> Activity
Find the line containing "Being a Bylaw" in the material below, then please transcribe it and each line after it exactly, without the pictures.

> Exercise data
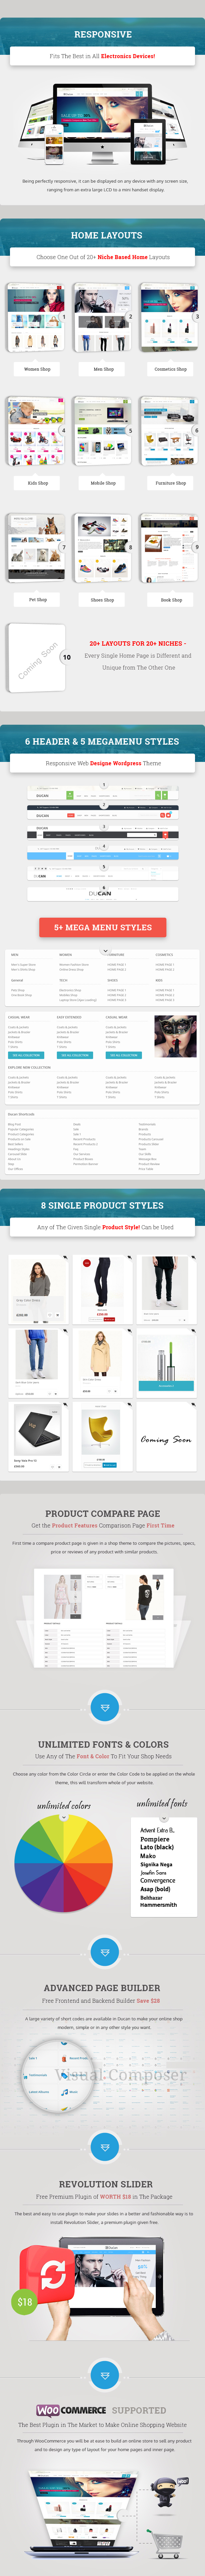 Ducan - Start An Online Store with WooCommerce WP Theme - 2
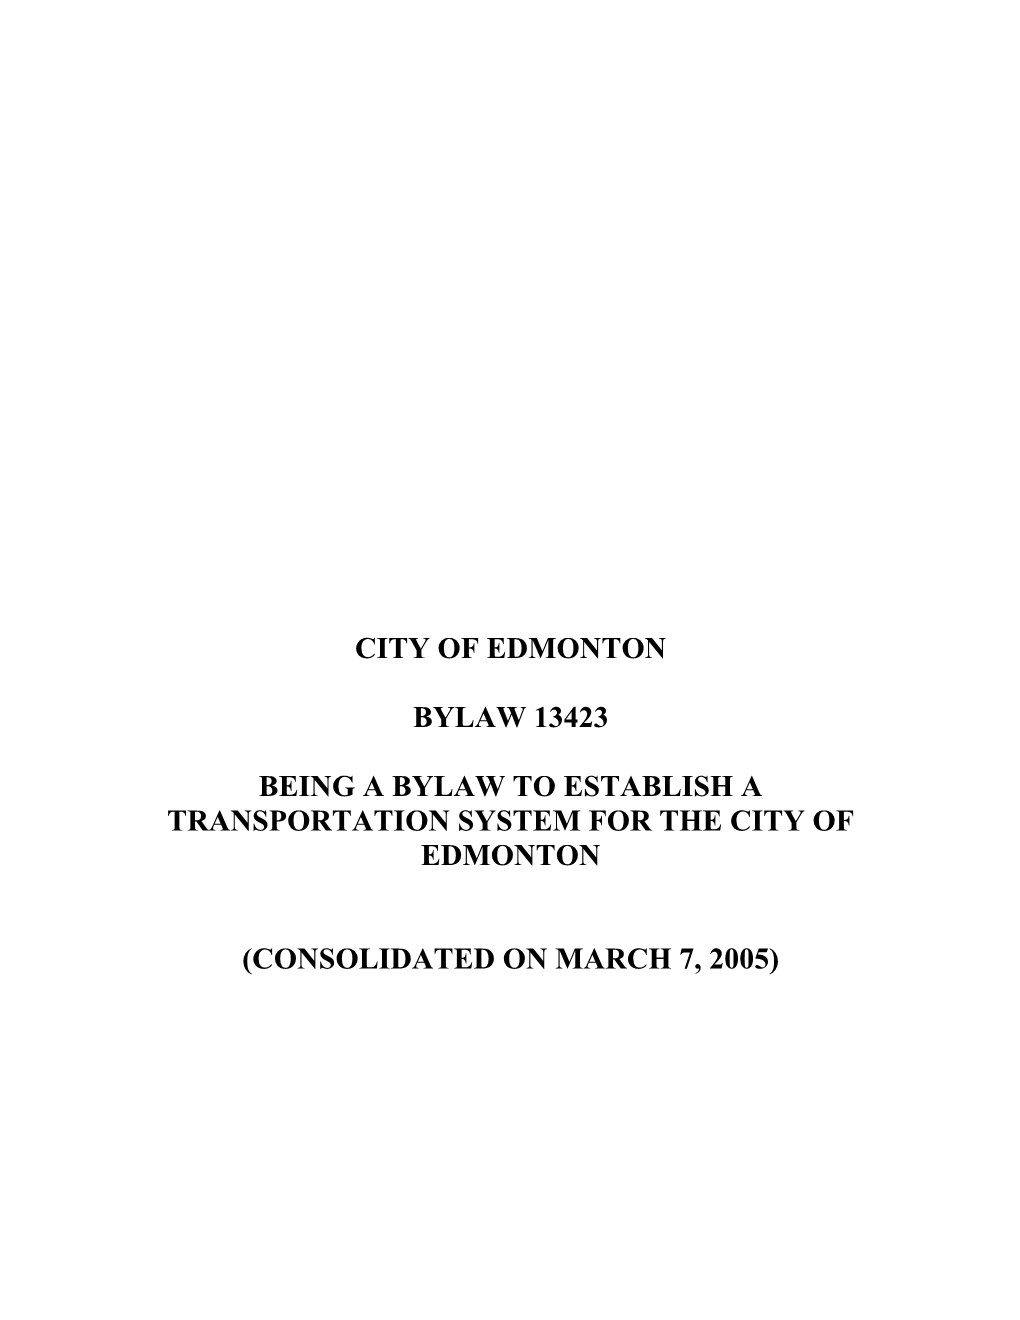 Being a Bylaw to Establish a Transportation System for the City of Edmonton 13423
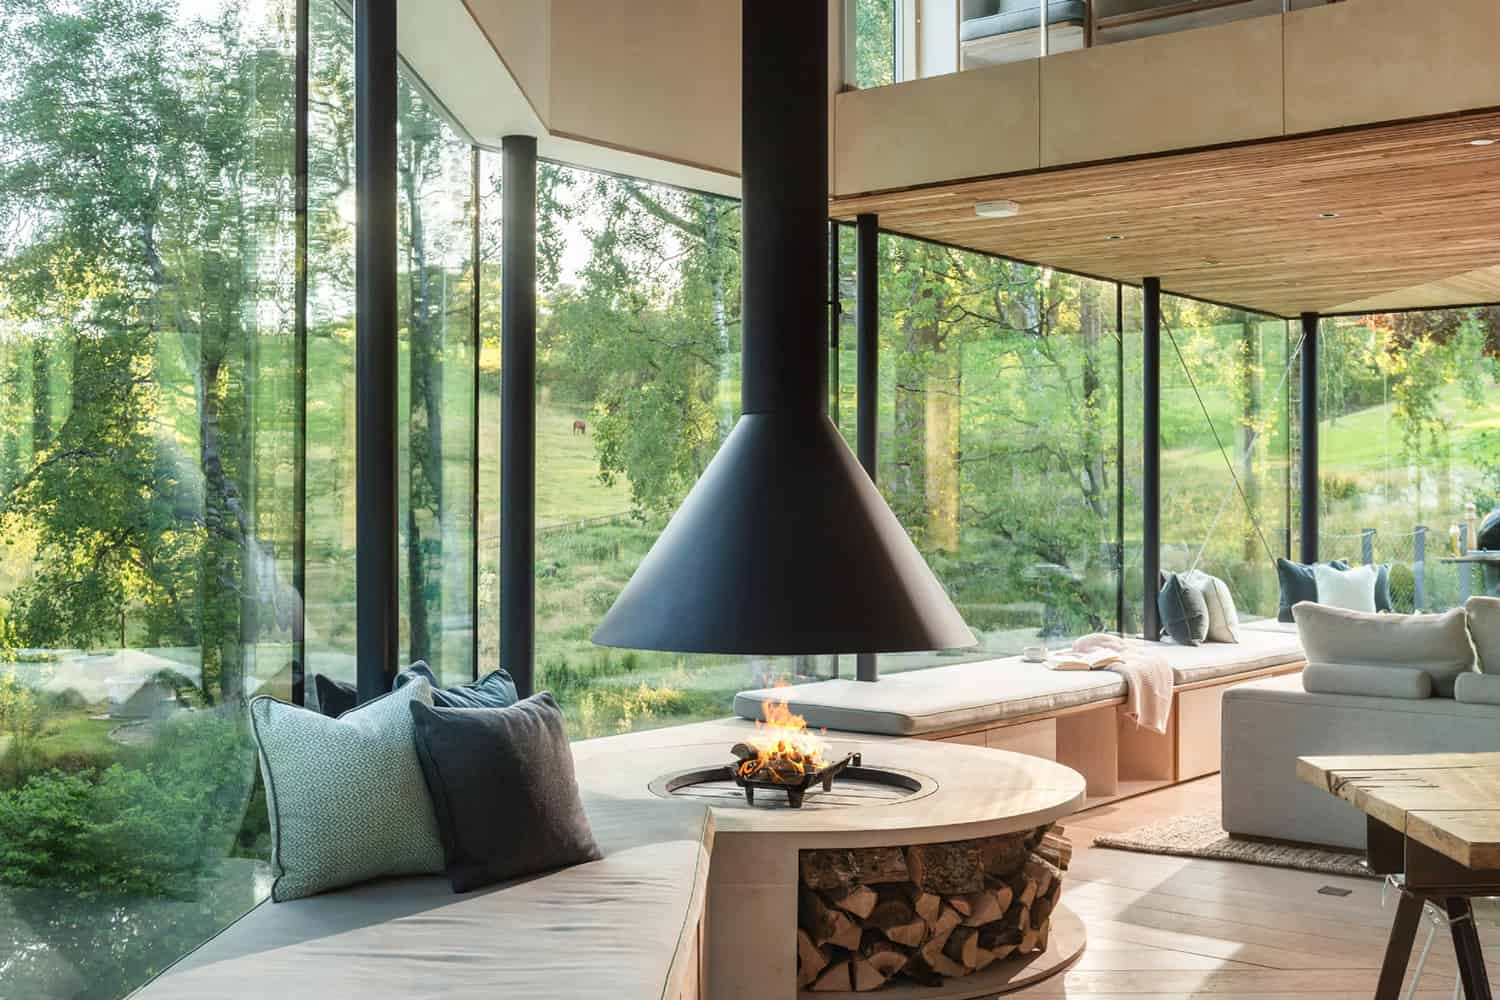 A timber clad retreat inspired by nature in the English countryside

> Exercise solution
 Being a Bylaw to Establish a Transportation System for the City of Edmonton 13423
 A timber clad retreat inspired by nature in the English countryside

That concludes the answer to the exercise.